> **Task details**:
Pictures are not part of the copy. Set down exactly the lines from the one containing "W związku z" through the last line of the material below.

> **Dataset content**:

-.-.-

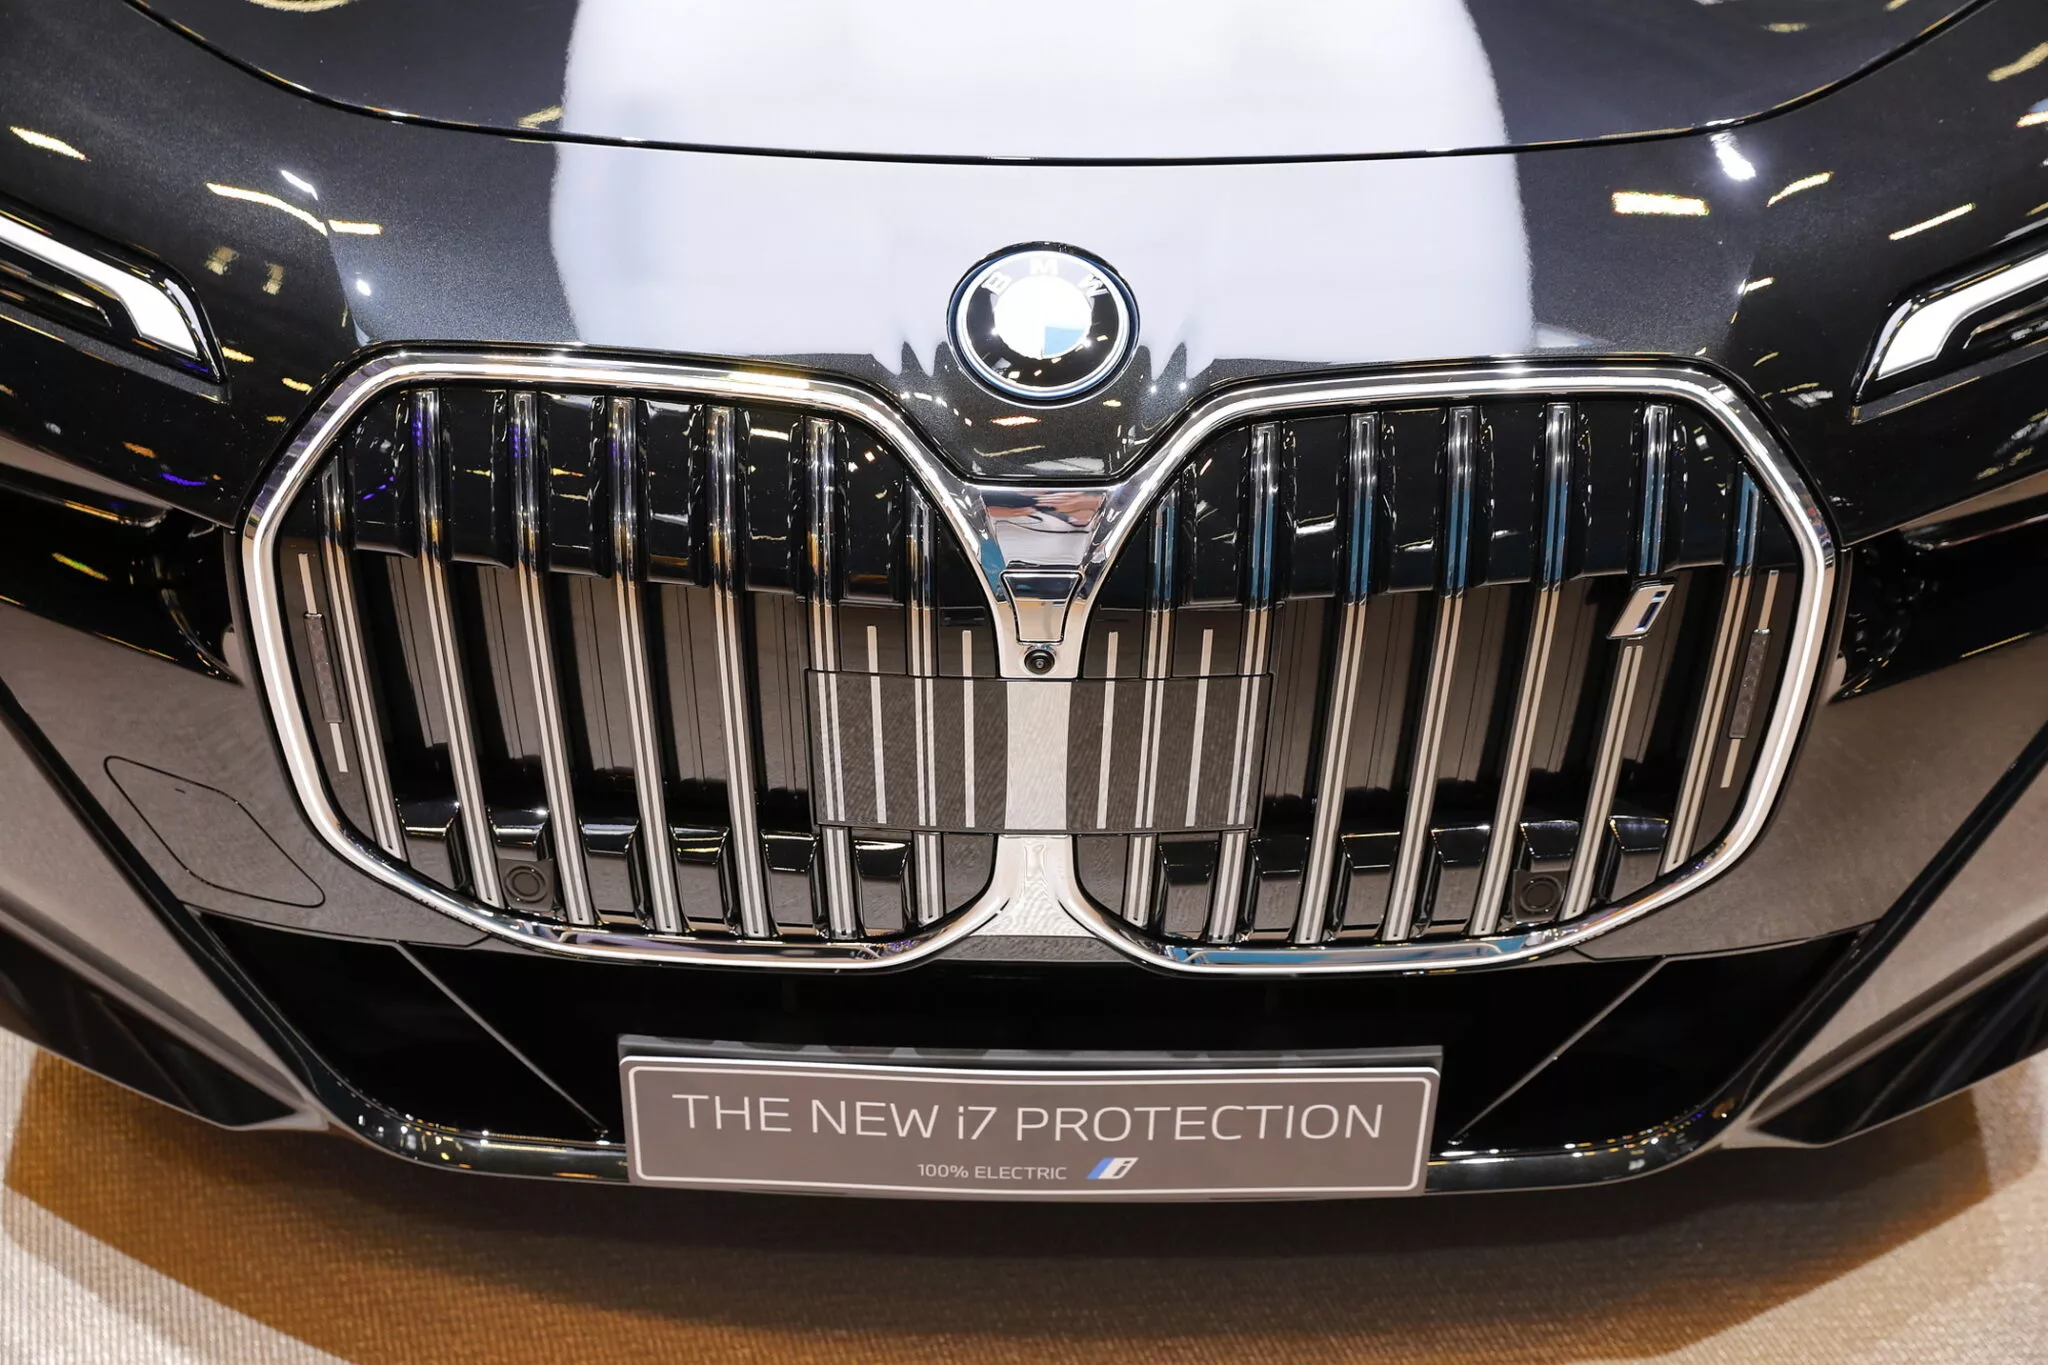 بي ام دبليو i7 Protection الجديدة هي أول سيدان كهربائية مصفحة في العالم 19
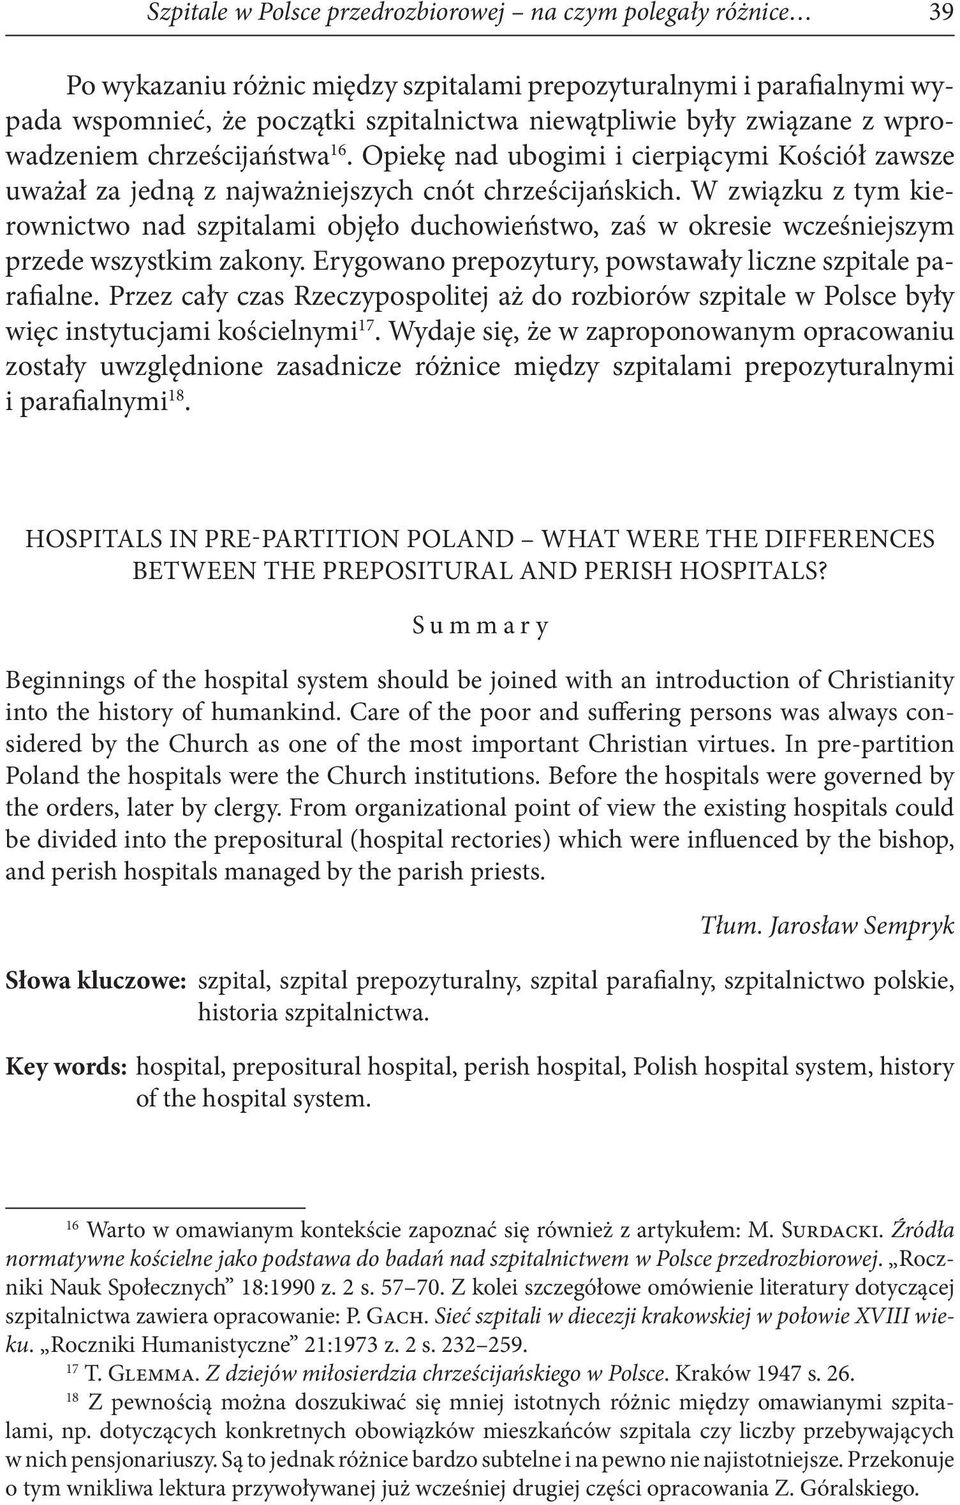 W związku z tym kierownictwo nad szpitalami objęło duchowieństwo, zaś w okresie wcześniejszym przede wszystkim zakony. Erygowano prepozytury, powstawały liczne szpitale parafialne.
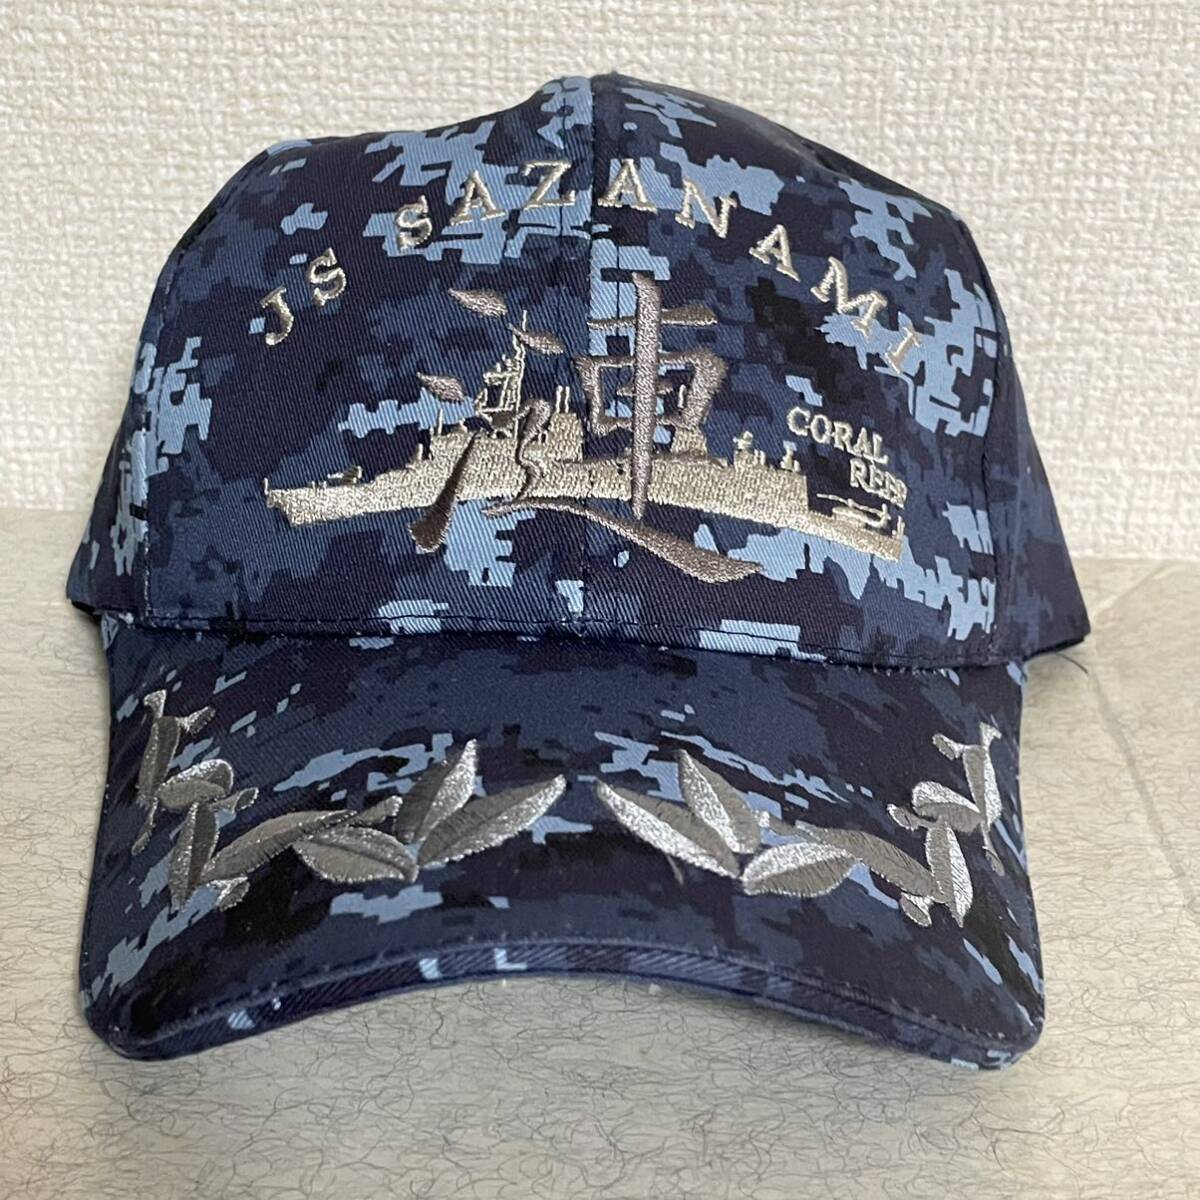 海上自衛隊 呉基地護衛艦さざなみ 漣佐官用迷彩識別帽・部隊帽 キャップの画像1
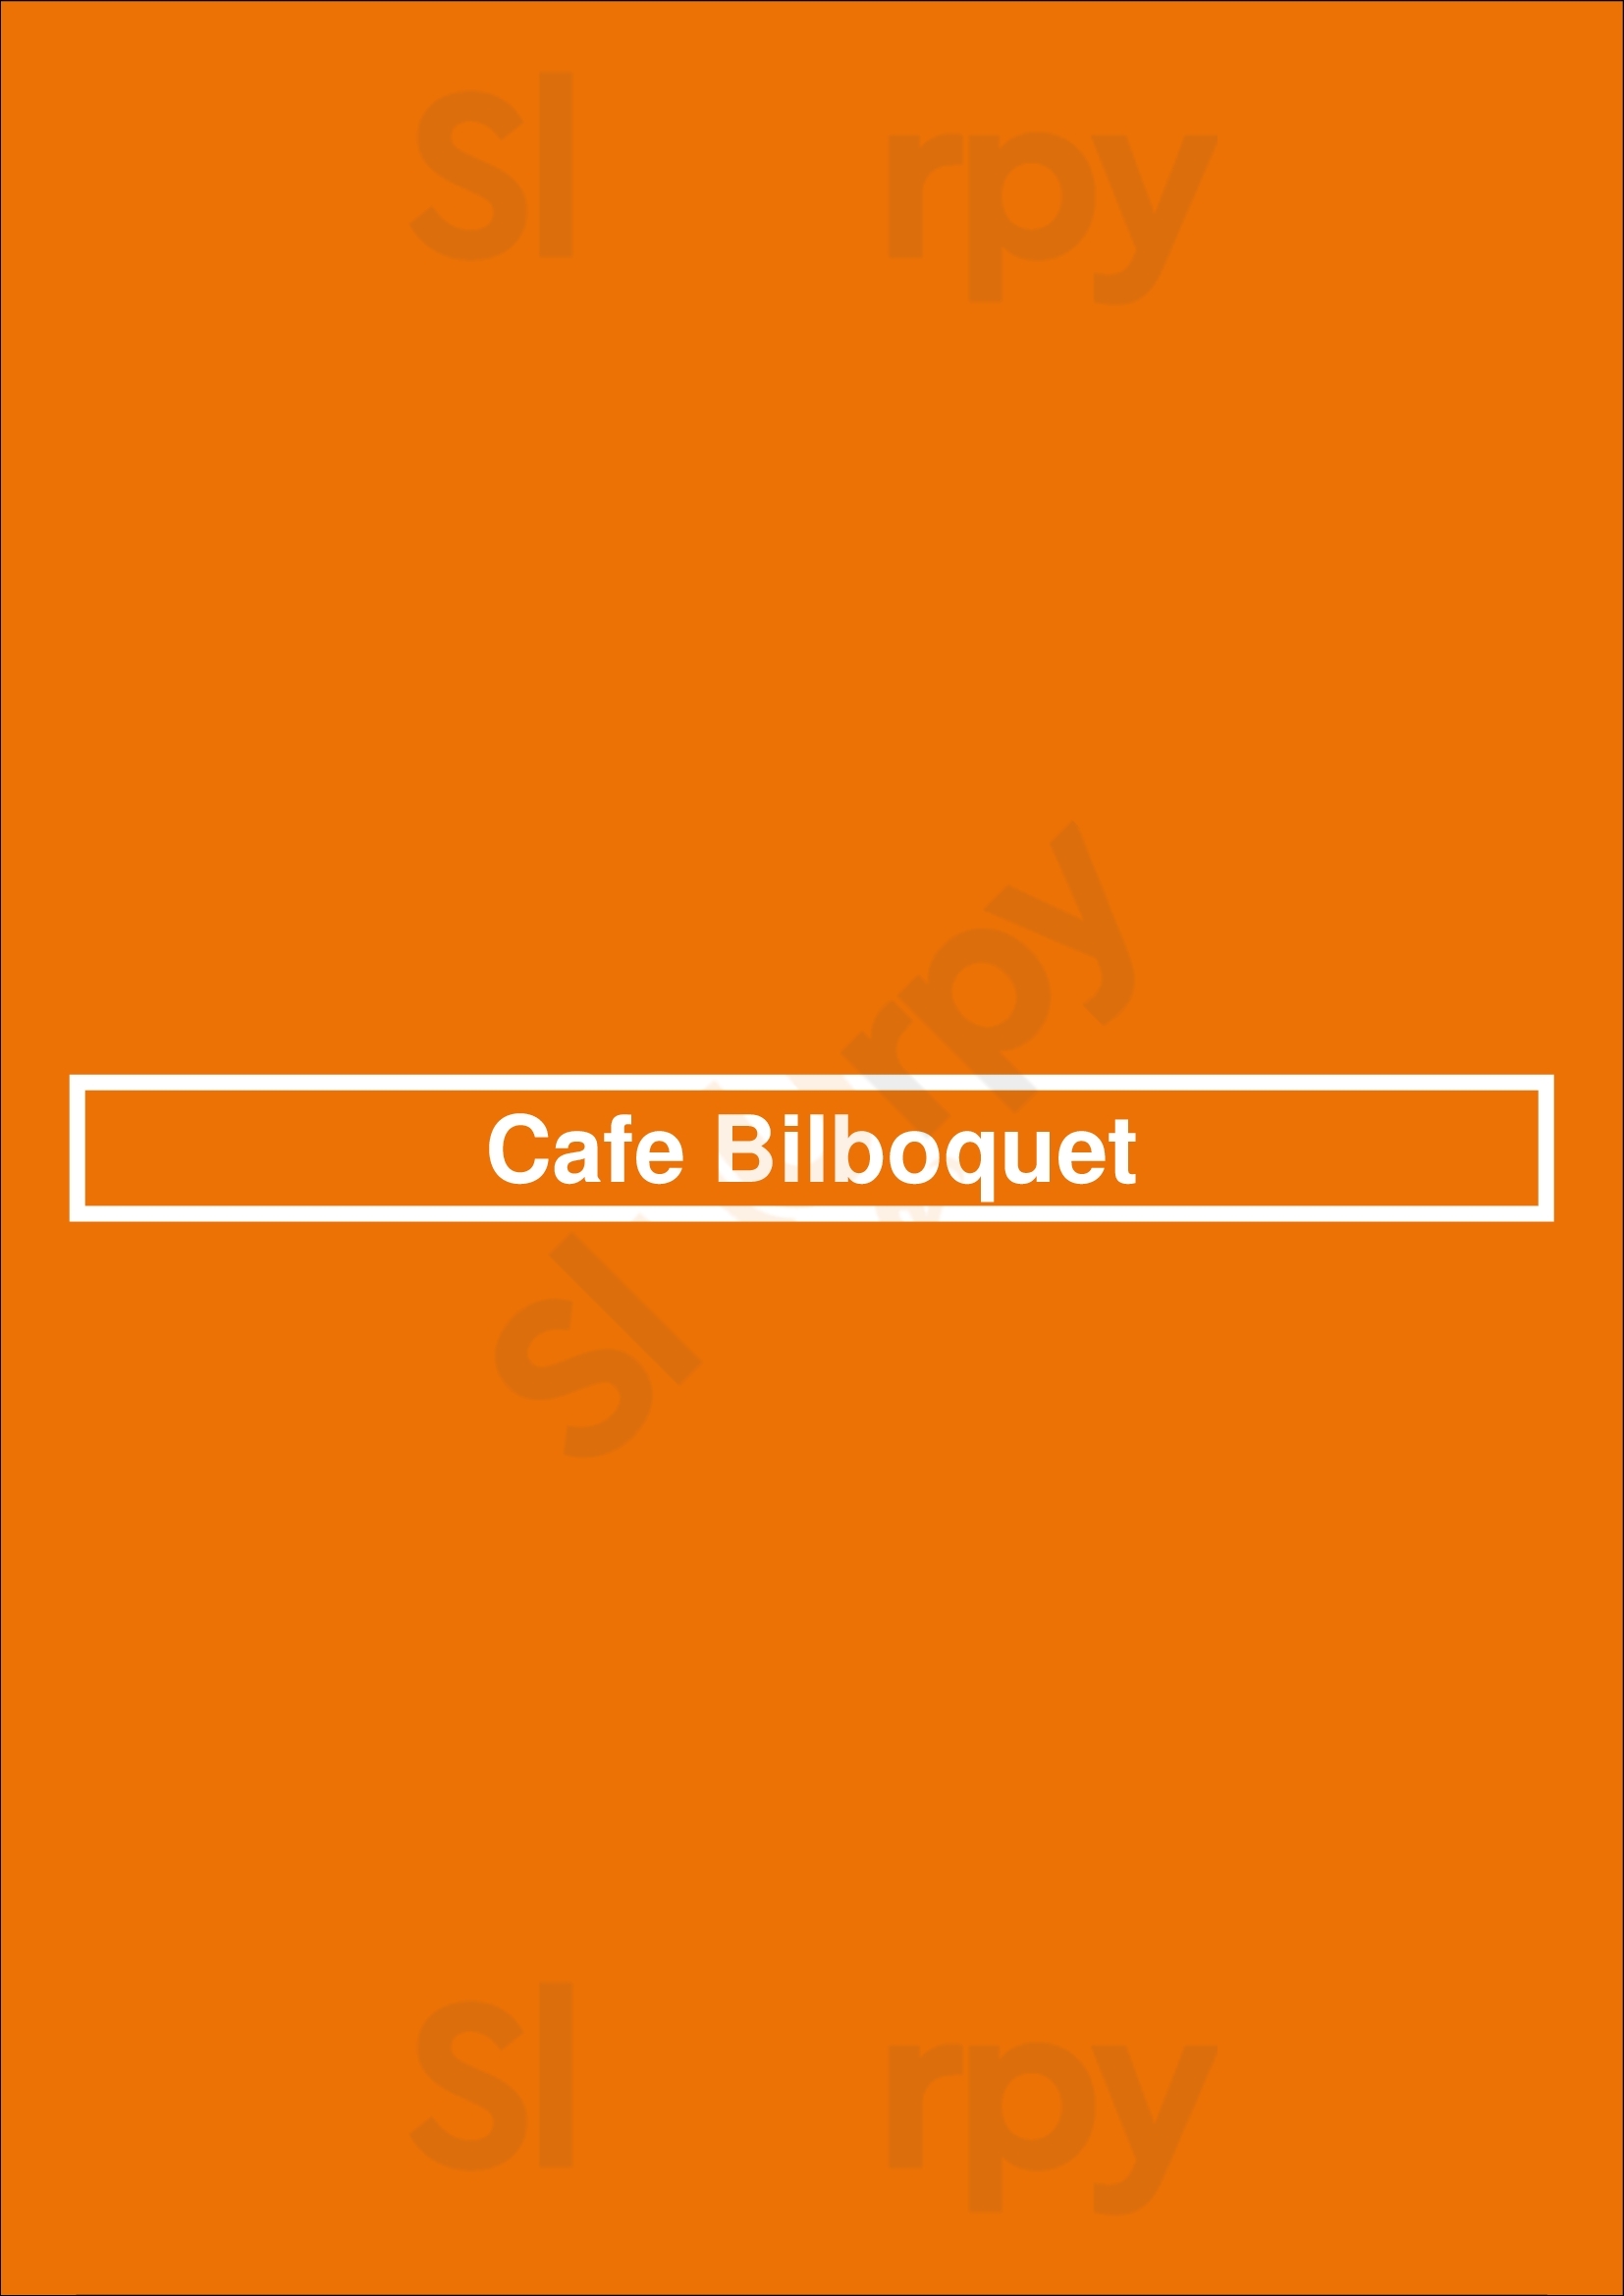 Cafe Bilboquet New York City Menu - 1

-.-.-

> **Solution below**:
 W związku z tym kierownictwo nad szpitalami objęło duchowieństwo, zaś w okresie wcześniejszym przede wszystkim zakony. Erygowano prepozytury, powstawały liczne szpitale parafialne.
 海上自衛隊 呉基地護衛艦さざなみ 漣佐官用迷彩識別帽・部隊帽 キャップの画像1
 Cafe Bilboquet New York City Menu - 1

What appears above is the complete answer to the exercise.